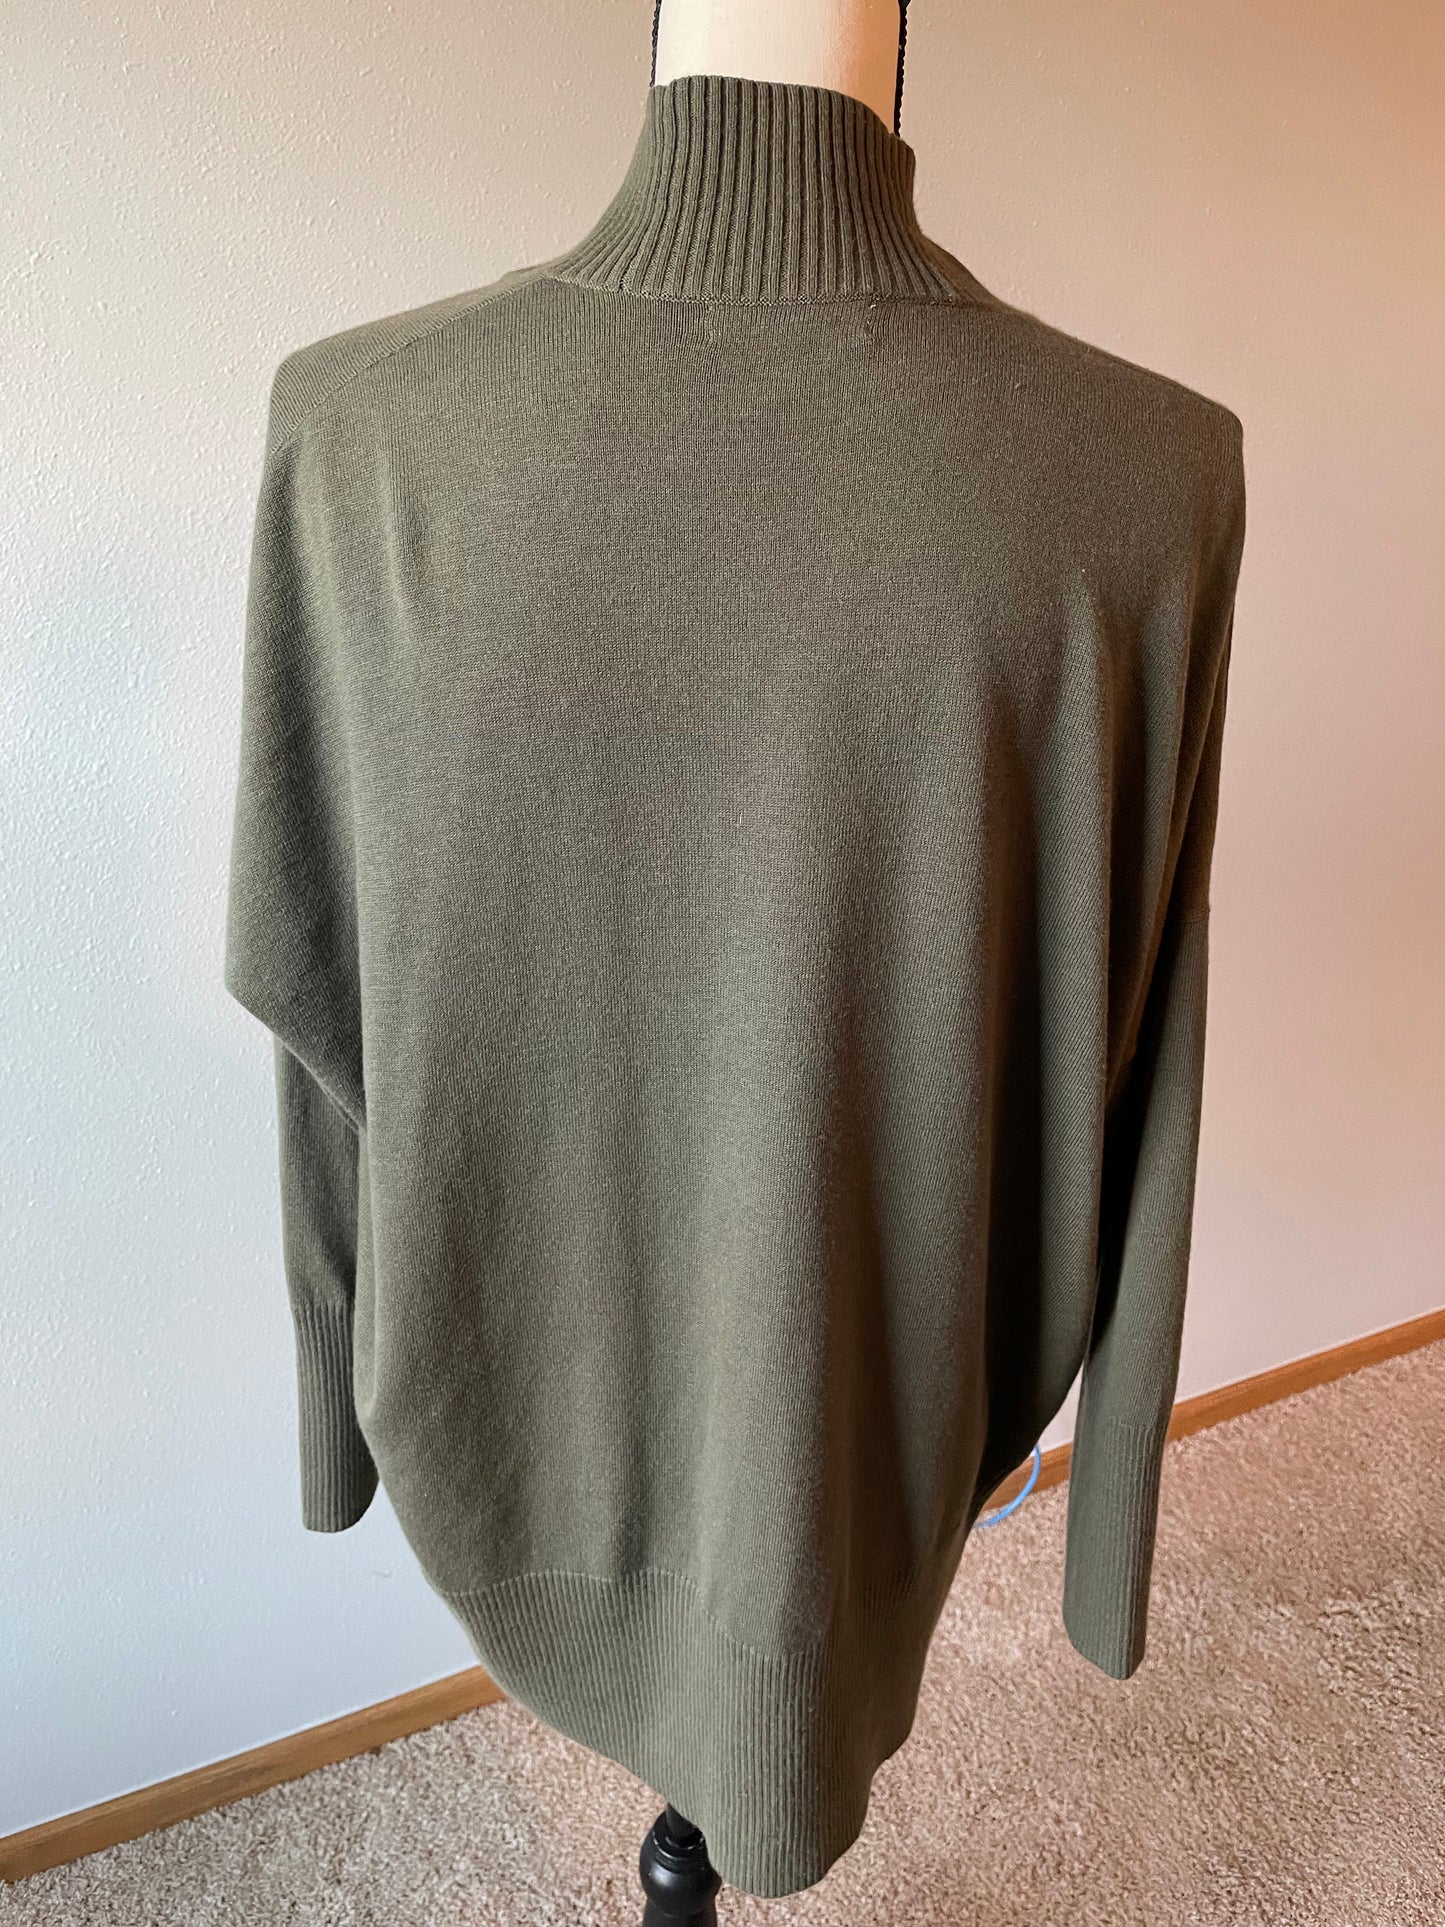 Chelsea 28 Olive Button Cardigan (XS/S)
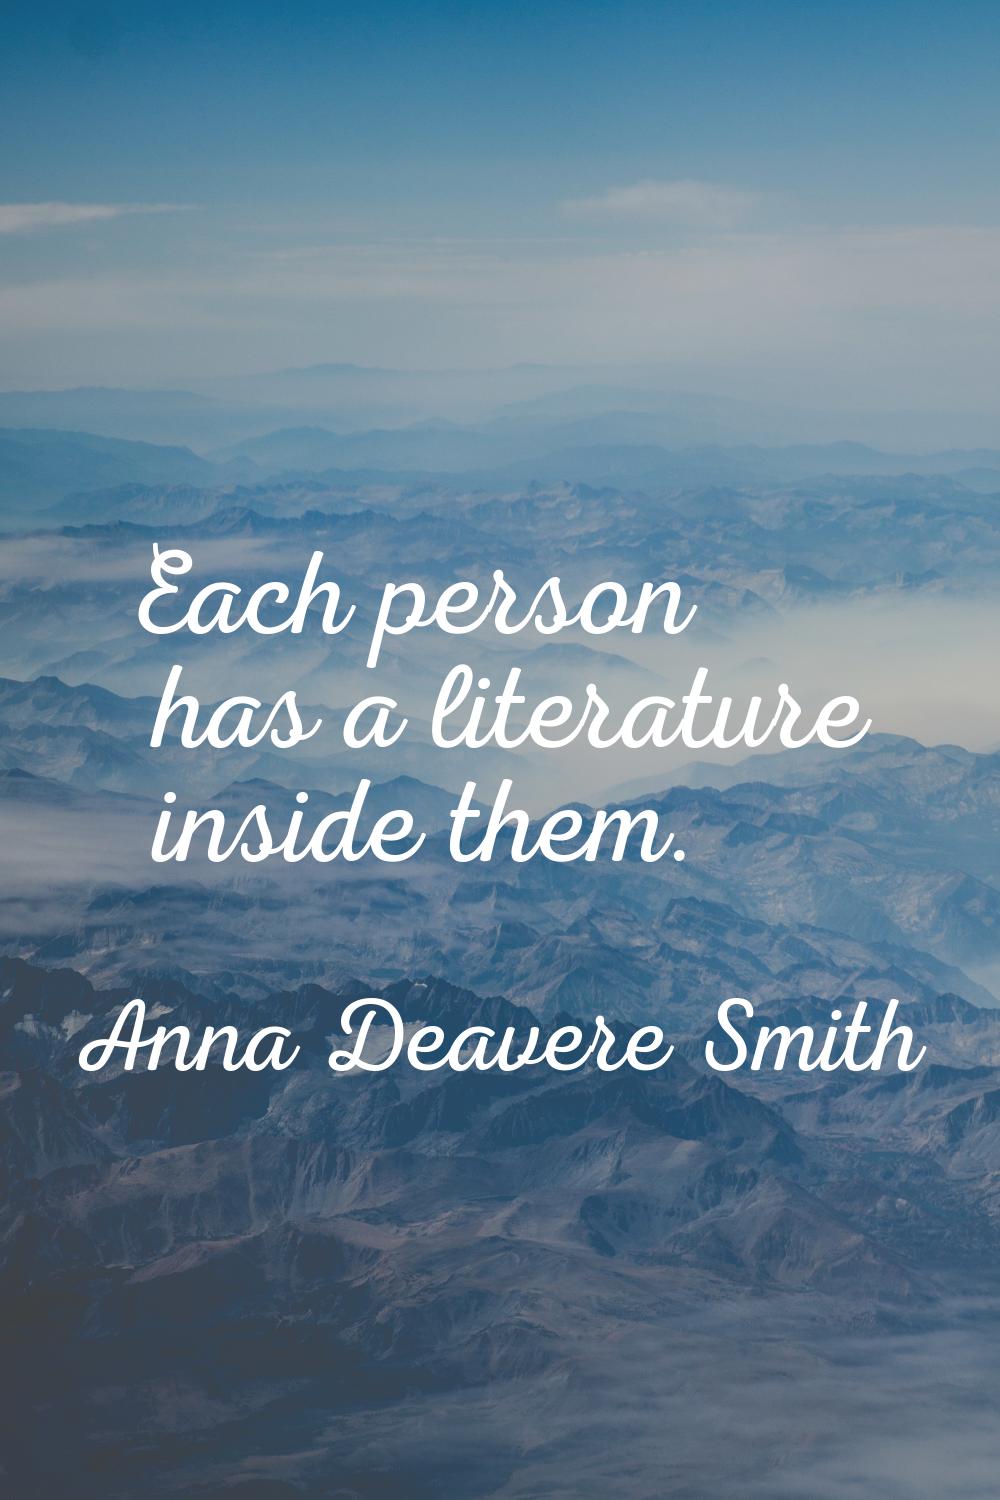 Each person has a literature inside them.
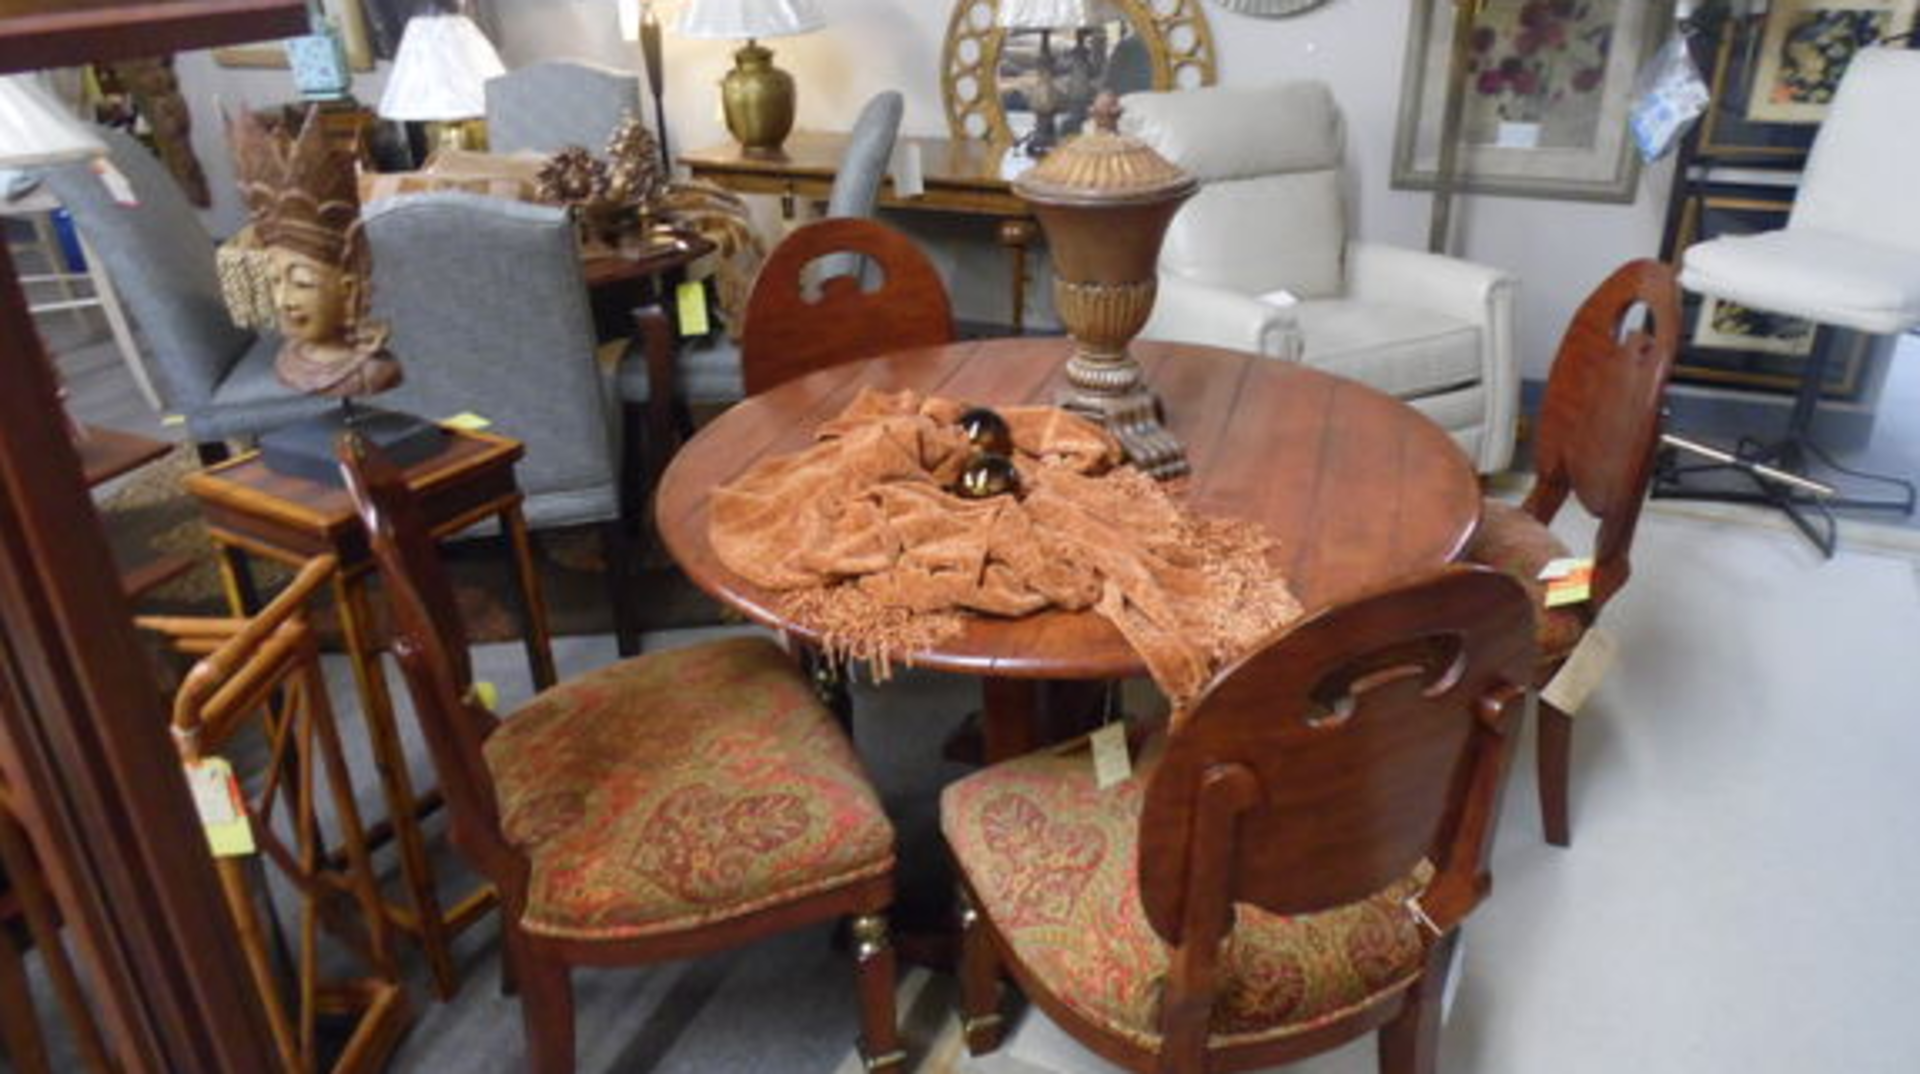 CLICK HERE FOR PREVIEW - Furniture & Decor Items Auction - Image 2 of 5

= What you will do =
Repeat the listing above verbatim, but exclude the pictures it contains.

= Response area =
 Chelsea 28 Olive Button Cardigan (XS/S)
 Each person has a literature inside them.
 CLICK HERE FOR PREVIEW - Furniture & Decor Items Auction - Image 2 of 5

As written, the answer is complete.